# Care packages for Soldiers



## salth2o (Sep 21, 2004)

I was at the post office last week and was behind a lady who was sending her son, who is serving in Iraq, a birthday present. Through our conversation she got pretty emotional about the whole deal and I told her that I truly appreciated what her son was doing for his country.

That encounter got me to thinking that during this Christmas season I should help someone out and send them a package. Nothing fancy, just a few items from home that would let them know my family and I are thinking of them and are thankful for their service. I do not have anyone close to me who is serving abroad in the military, but my father served in Vietnam and I can only imagine that he would have enjoyed a little comfort from home even if it was from a total stranger.
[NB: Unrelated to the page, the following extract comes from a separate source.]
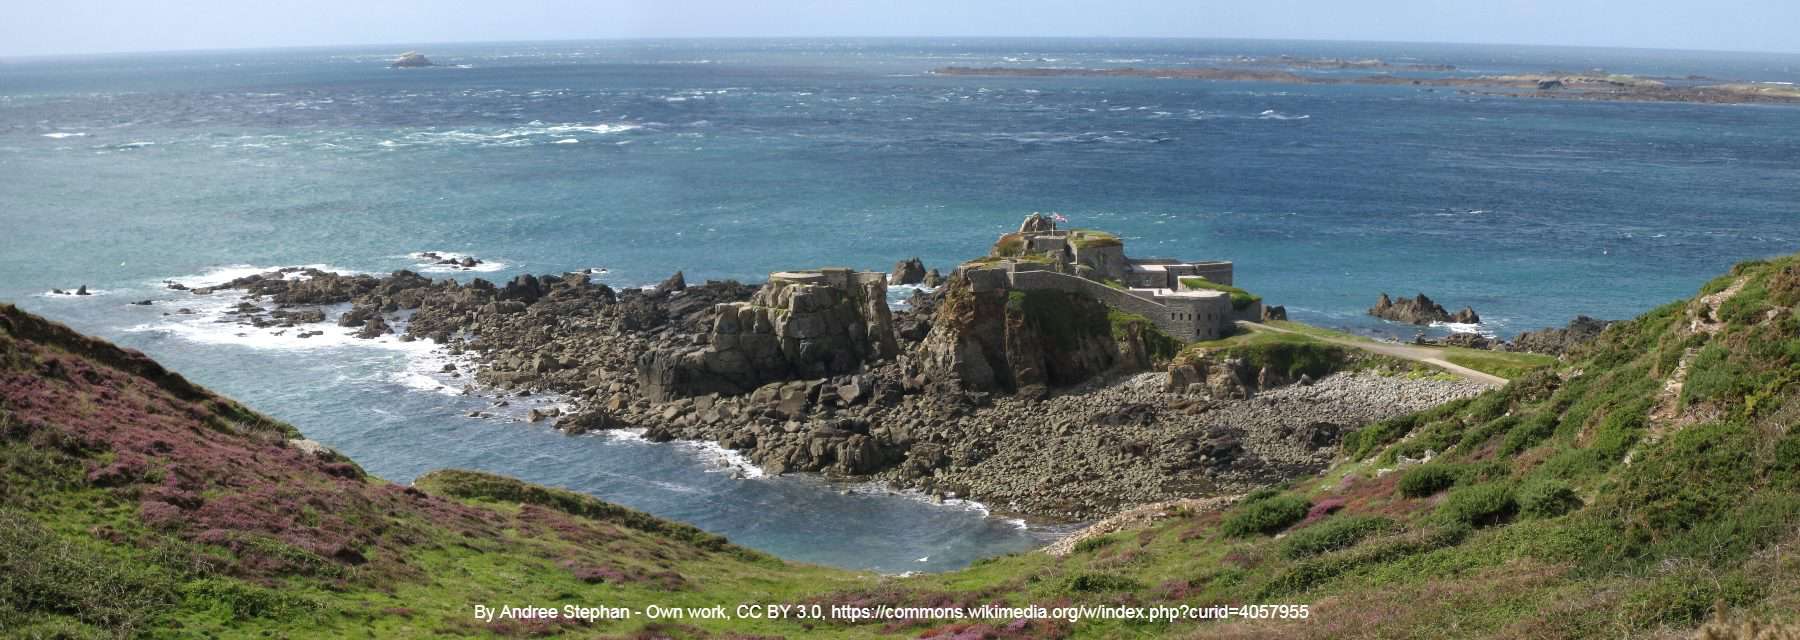 Alderney Fort Clonque credited in photo

I know there are several organizations that are set up for this, but I would rather help out a 2cooler or 2coolers loved one. Kind of an "Adopt a 2Cool Soldier for the Holidays" sort of thing. 

I would like to get some responses from some of you who know of Soldiers with a 2cool connection and how/what to maybe send them.

-salth2o


----------



## SoccerMomma (Sep 20, 2006)

My classes at Santa Fe HS are sending packages out this year. WE have a small collection of items to send and a few names and addresses of our local kids. I also have the address of a 2coolers kiddo...if you'd like to join along with us, we'd love to have your support and you can even include a note (we can make sure your donations go directly to the 2cooler's kiddo). Anyway, if you are interested, PM me. 

I know our local post office lady always gives my email at school to people who come in to mail packages to their kiddos to make sure they are on our list. That might be a way for you to find someone as well. It's a great resource for me to get names and addresses.

Good luck.


----------